In the mellow light of the Chinese room, the man’s shadow spread across the thickly-rugged floor. He turned around to study every feature of the room. He inspected each article, but touched nothing.
He gazed carefully at the bronze image of Chong; that silent, glaring idol from far-off Cathay. The figure was hideous; its arms and legs were thin carvings. The fingers of its bronze hands were long-nailed talons.
The sculptor who had perpetrated that image must have been governed by a morbid imagination, for it looked like no creature that had ever lived.
The man in black went to the Chinese chair. It aroused his curiosity. It was built like a throne, with a broad seat and solid, upright arms.
The man placed his gloved hands on the arms of the chair. His fingers found two buttons. He pressed them.
With a smooth mechanical motion, the seat of the chair broke in half. Both portions dropped. At the same instant, a cloud of steamlike smoke arose and enveloped the black-clad man.

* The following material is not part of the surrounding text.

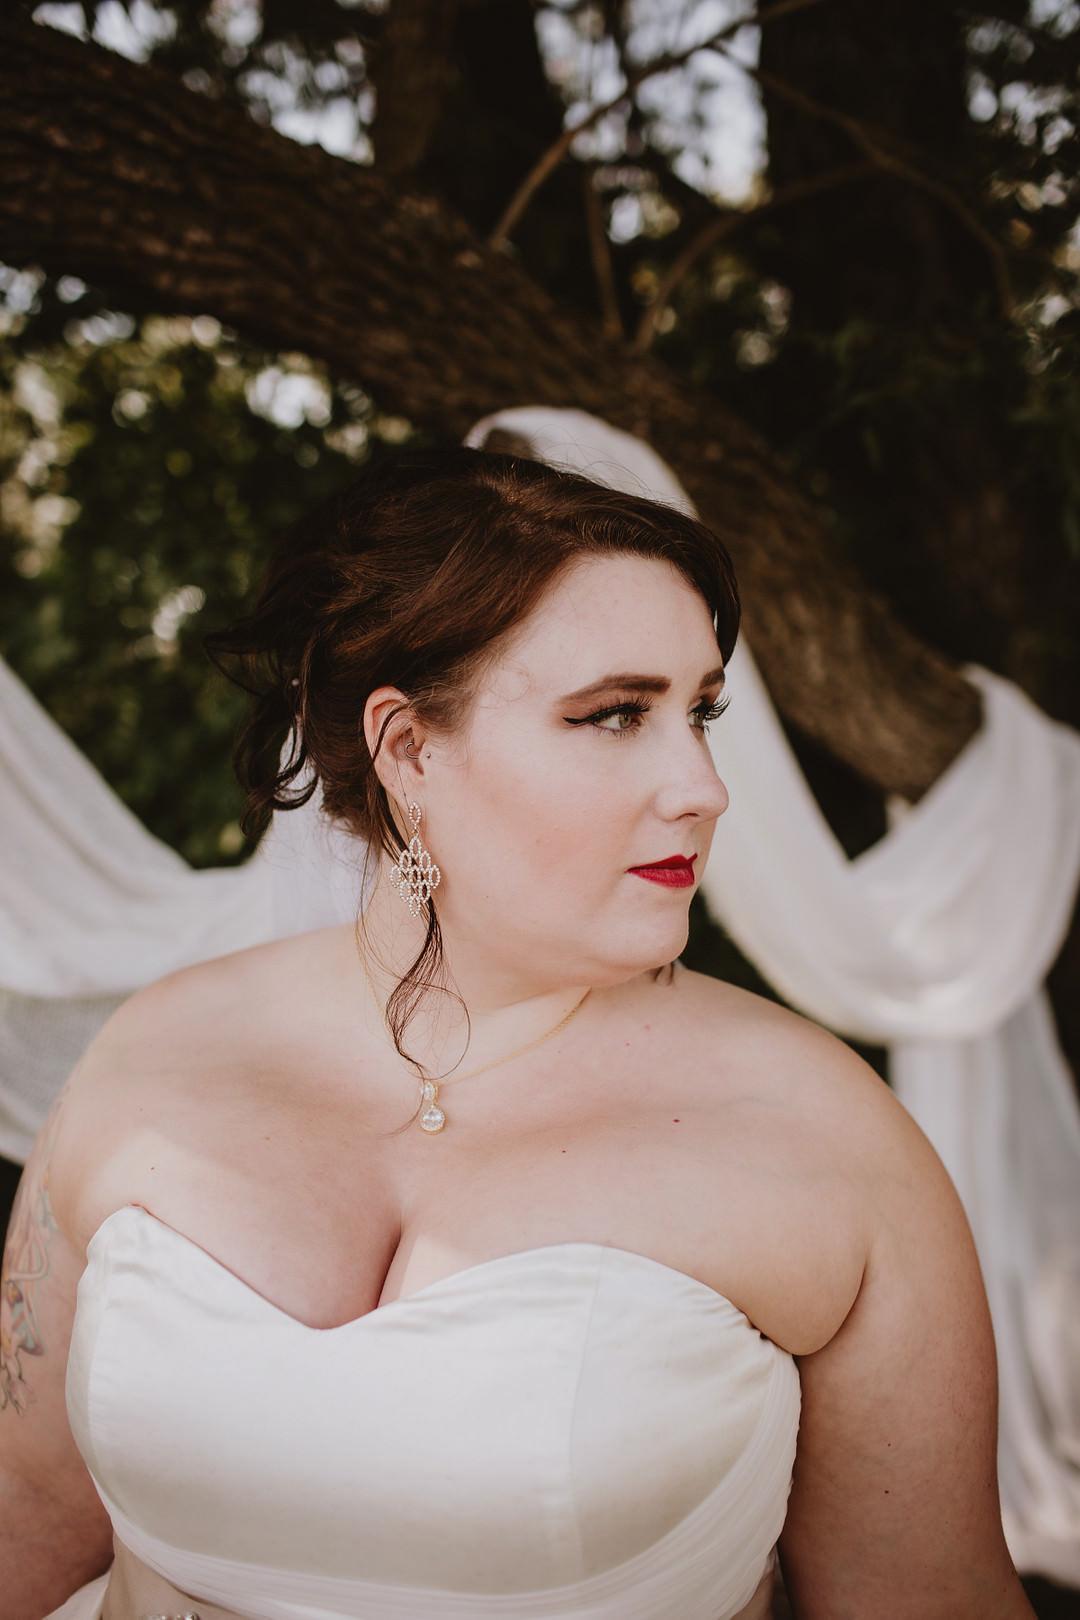 Bride Bridal Make Up Fairytale Forest Wedding Christina W Kroeker Creative

His eyes caught a full view of a room below, where a springy net was set to catch a falling body. Then two panels fell from the arms of the chair. They formed a new seat to replace the one that had dropped.

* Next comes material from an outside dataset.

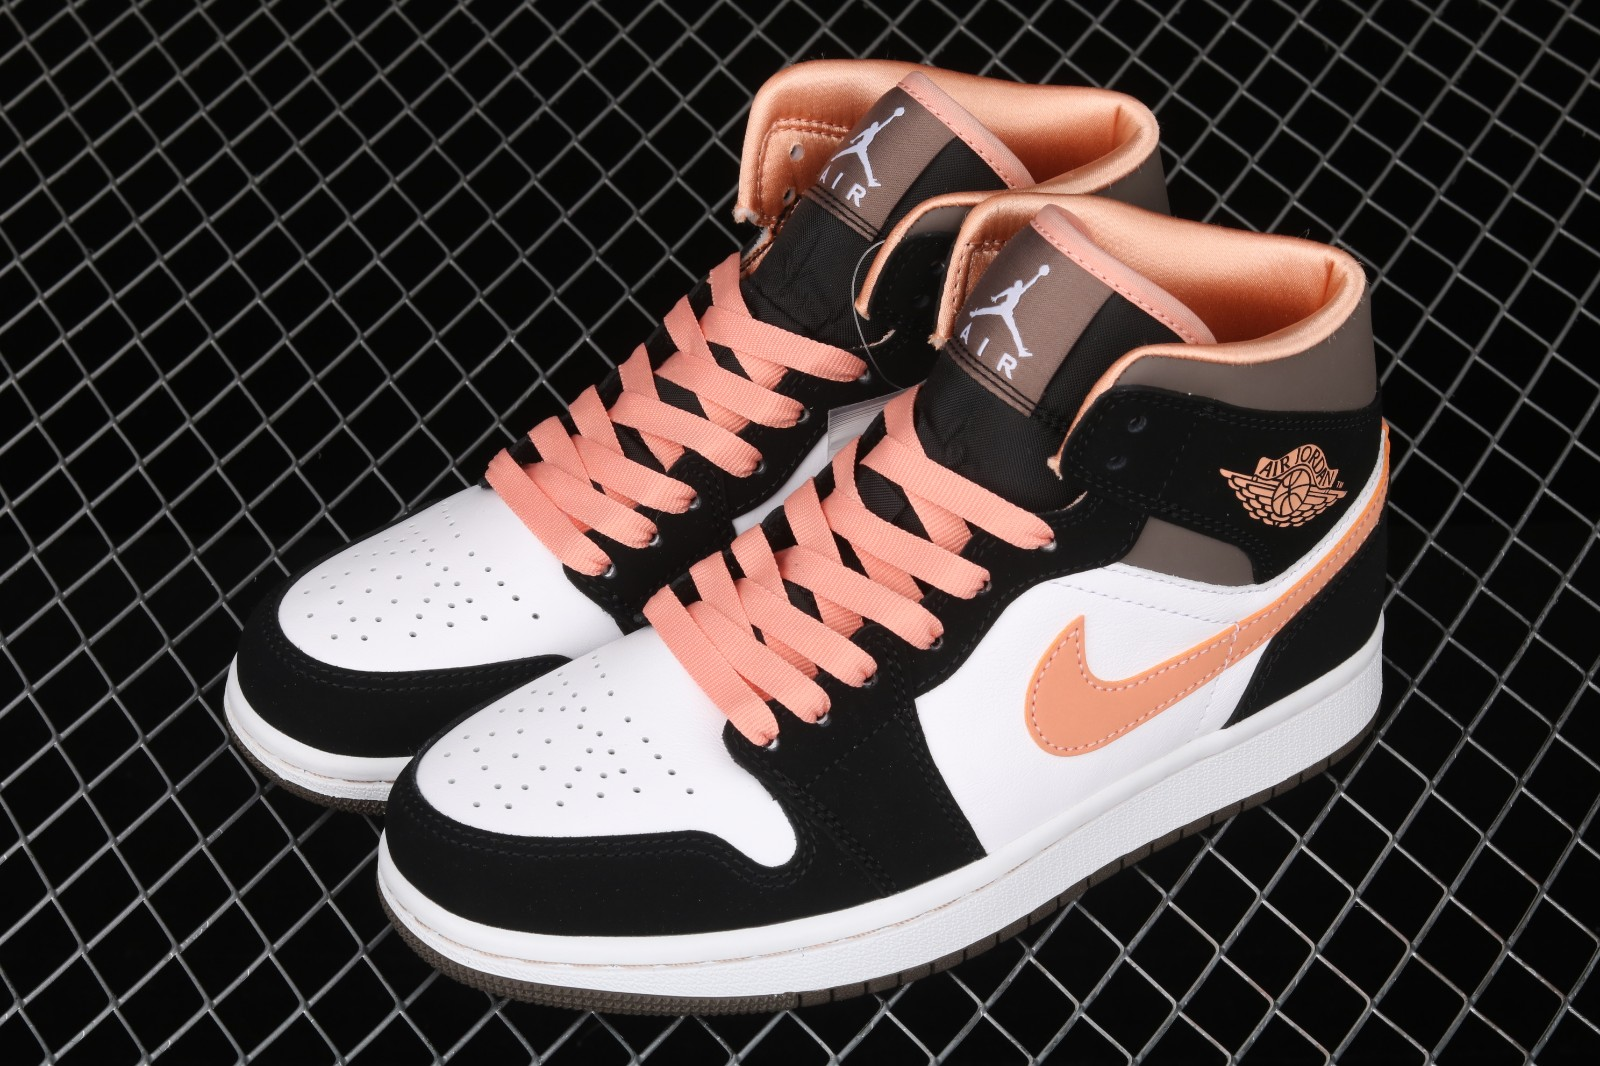 Wmns Air Jordan 1 Mid SE 'Peach Mocha'

The secret of Doctor Palermo’s mysterious disappearance was revealed!
Covered by the rising smoke, Palermo had dropped from view and the heavy Oriental chair had become an apparently solid structure. Evidently the room below communicated with the small elevator shaft up which Palermo had risen on that eventful evening.
The investigator made a short further inspection. He stepped out on the roof, which seemed very large in the darkness, its further rail showing white at the opposite end of the building. The penthouse was at one end of the apartment house.